# Too many fish???



## FeederFish33 (Jan 22, 2003)

In my 55 gallon I have:

4 red bellies
3 Exedons (bucktooth tetras)
1 pleco
1 asian red tail cat
1 sh*t barb
1 crayfish


----------



## fishman2 (Nov 27, 2002)

How long have these fish been together? What sizes are the fish? Are you going to video tape the feast?


----------



## FeederFish33 (Jan 22, 2003)

> Are you going to video tape the feast?
> 
> What are you talking about?
> 
> They have been together for about 3 weeks, the piranhas are about 3 inches, the pleco is 2 inches, the barb is 2 inches, the exedons are like 2.5, and the asian red tail is like 4 or 5 inches.


----------



## fishman2 (Nov 27, 2002)

Just let us know which of your fish get's eaten first by the piranhas.

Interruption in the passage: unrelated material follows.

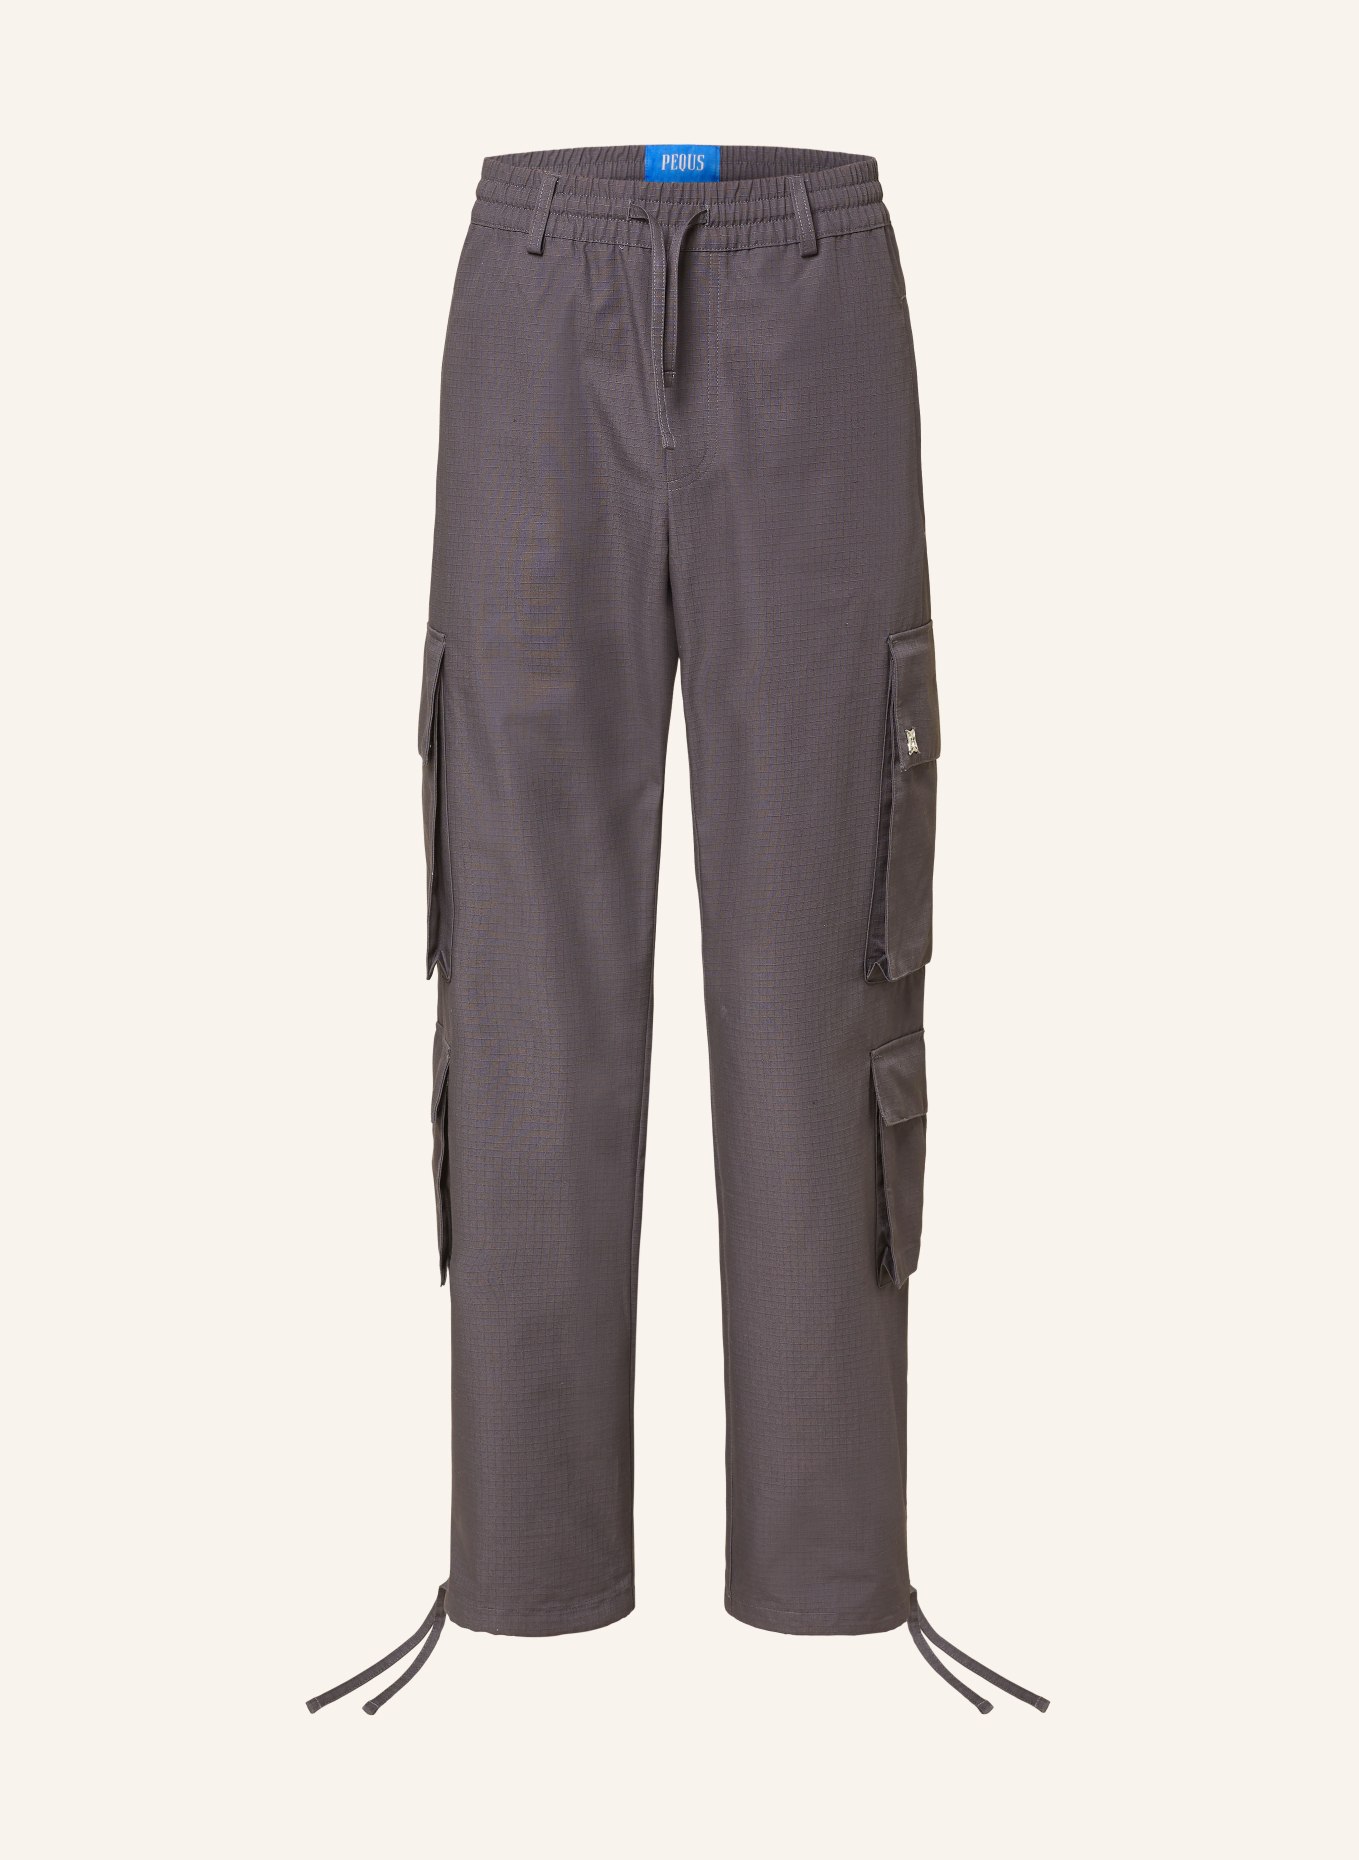 PEQUS Cargo pants, Color: DARK GRAY (Image 1)

I think that would be good stuff to learn. I think the barb will be first, then the pleco will get nipped a few times, the red bellies will eat it from the belly up, then the exodon's will gradually disappear. This is my opinion :







: Anybody else have an opinion?


----------



## Myka (Jan 8, 2003)

Holy crap! I hope you intend on upgrading to bigger tanks REAL quick! First off, those fish aren't even compatible together.

The RTC gets to something like 3 feet long (might be more, but I DO know that get at LEAST this big).

The rule for Piranhas is 20 gallons per Piranha. So, in the end, the 55 will hold THREE Red Bellies, not 4. And it will be FULL.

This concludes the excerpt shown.